John Parker

Biographical details
- Alma mater: Missouri Valley

Coaching career (HC unless noted)
- 1996–1997: Minnesota–Morris
- 1998–2001: Cheyney (PA)
- 2004–2005: Cumberland (TN)
- 2007: Tennessee State (assistant)
- 2013: Missouri Monsters

Head coaching record
- Overall: 10–72 (college)

= John Parker (American football) =

American football player and coach

John Parker is an American former football player and coach.
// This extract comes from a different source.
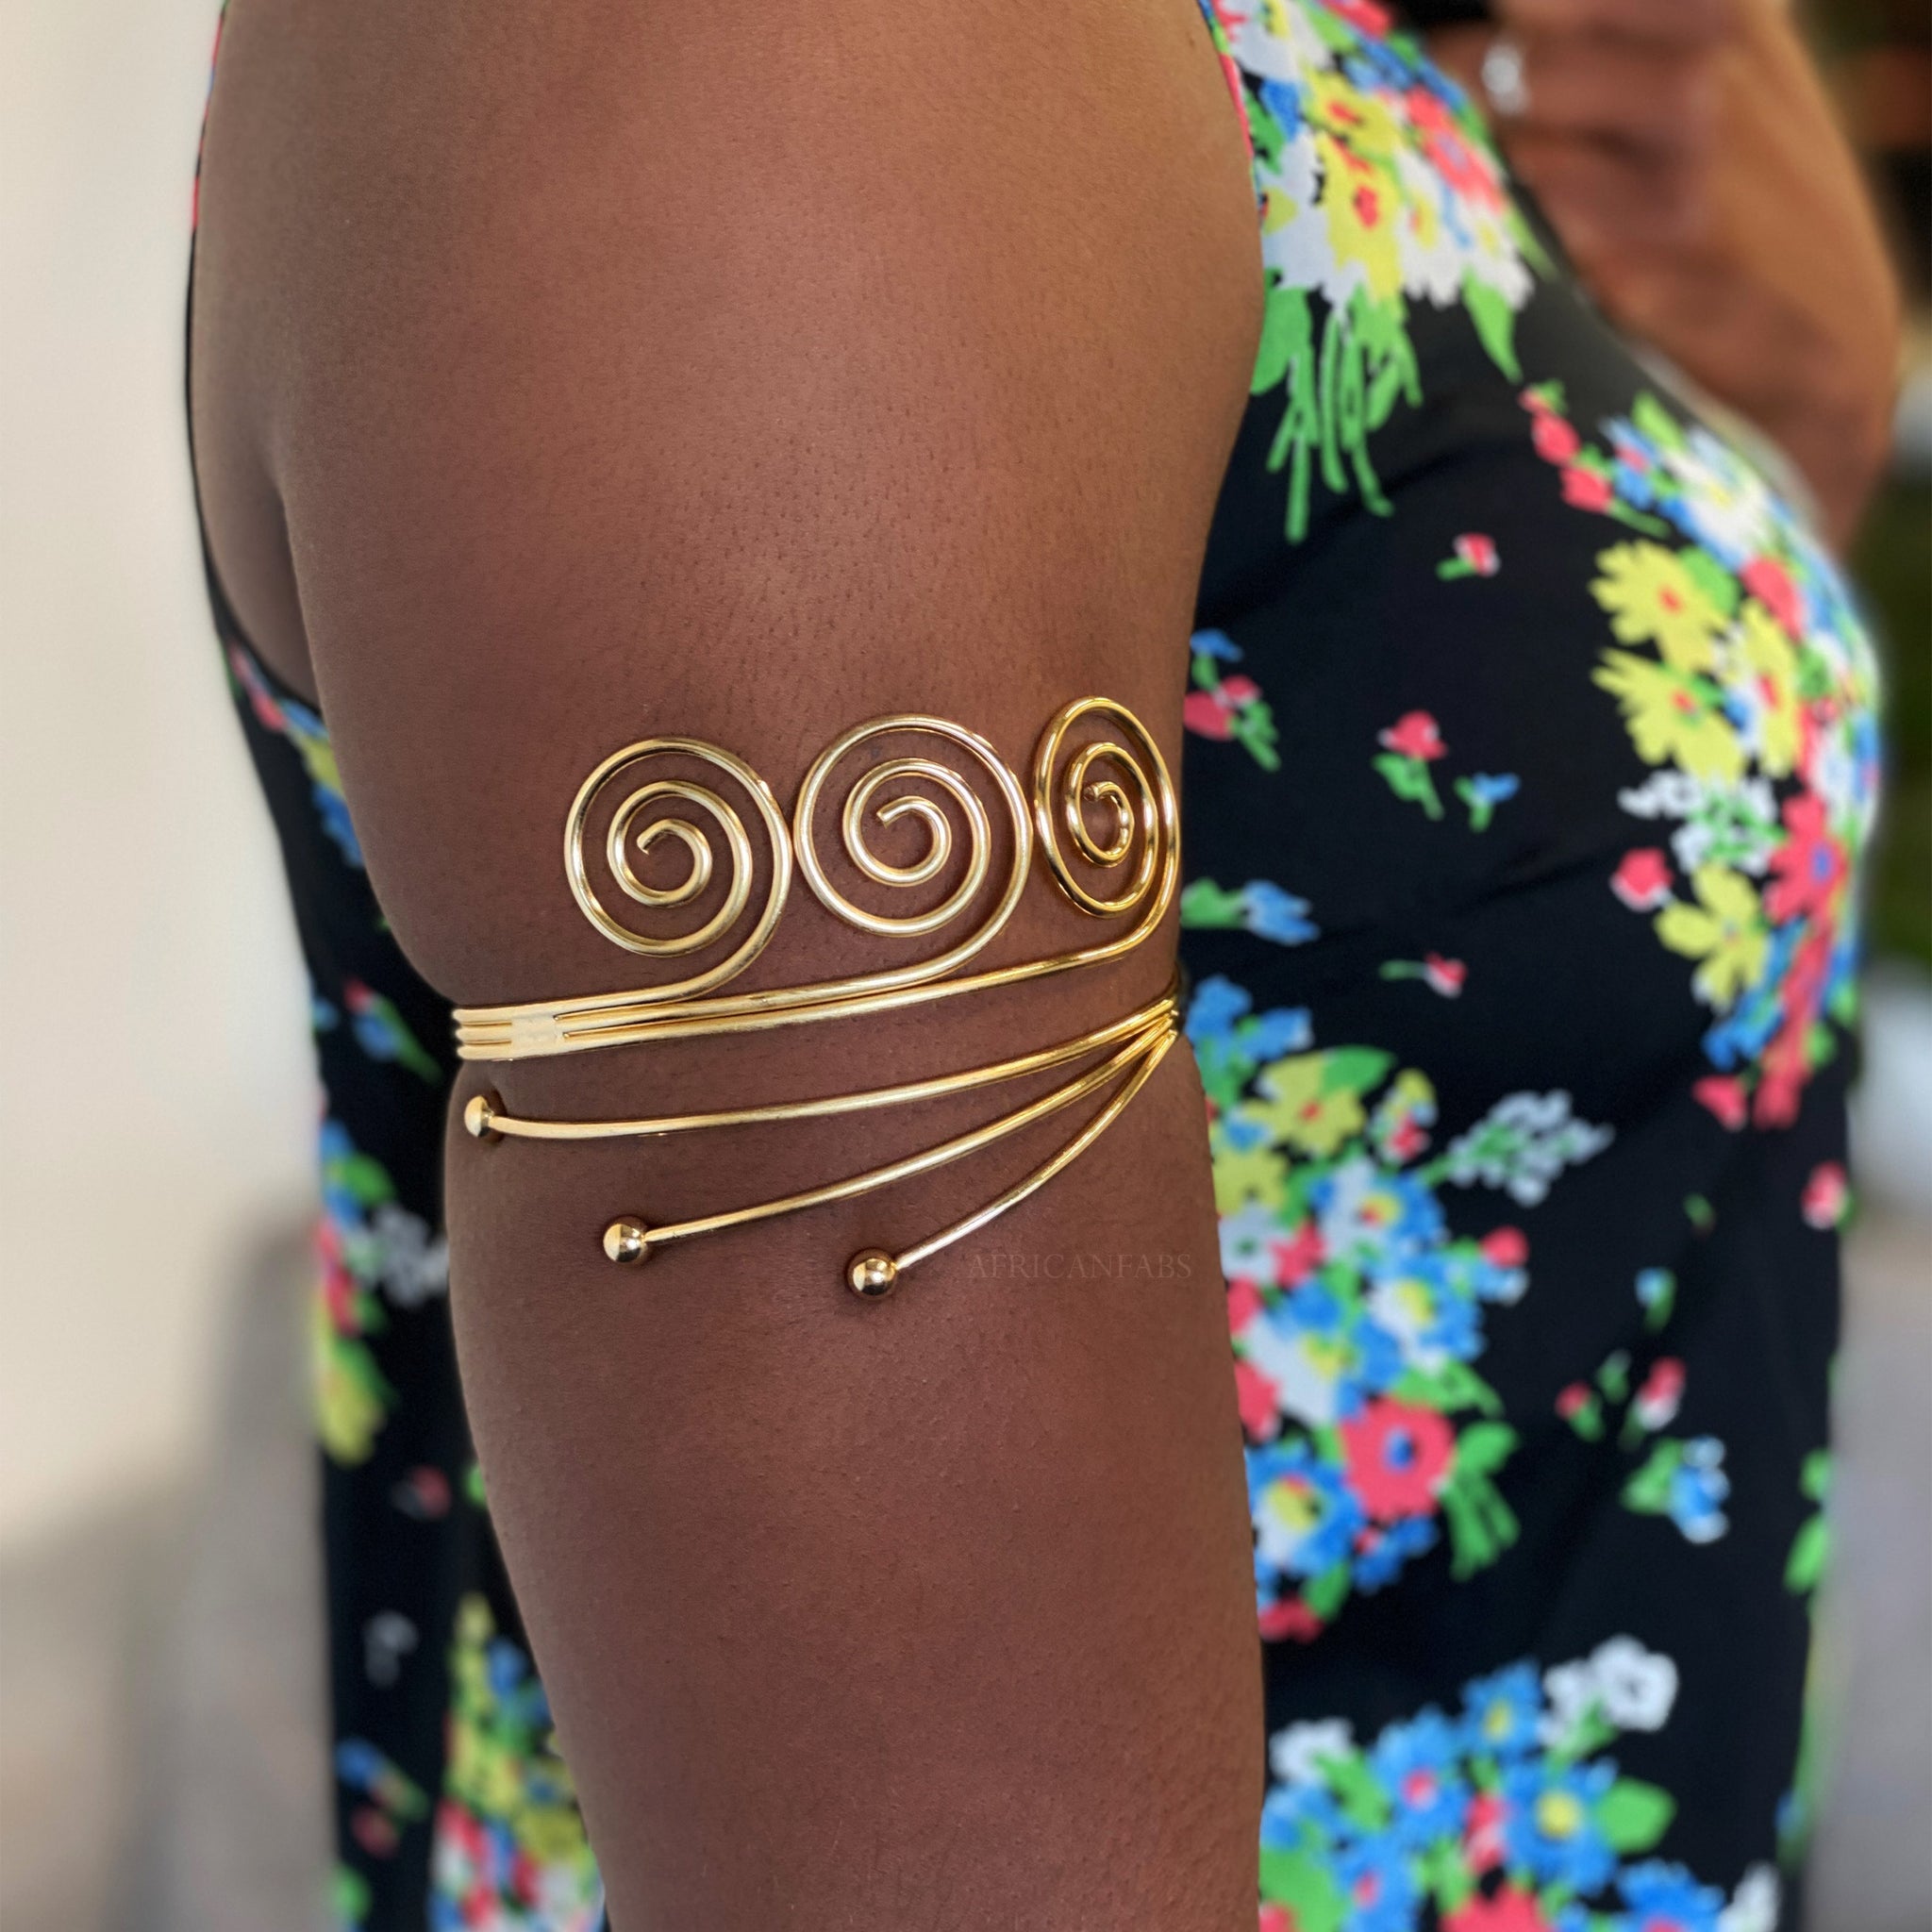 Buy Gypsy Spiral Arm Band, Upper Arm Cuff, Gold Arm Bracelet, Hammered,  Adjustable Online in India - Etsy

He served as the head football coach at the University of Minnesota–Morris (1996–1997), Cheyney University of Pennsylvania (1998–2001), and Cumberland University in Lebanon, Tennessee (2004–2005). Parker was also the head coach for the Missouri Monsters of the Ultimate Indoor Football League (UIFL) in 2013.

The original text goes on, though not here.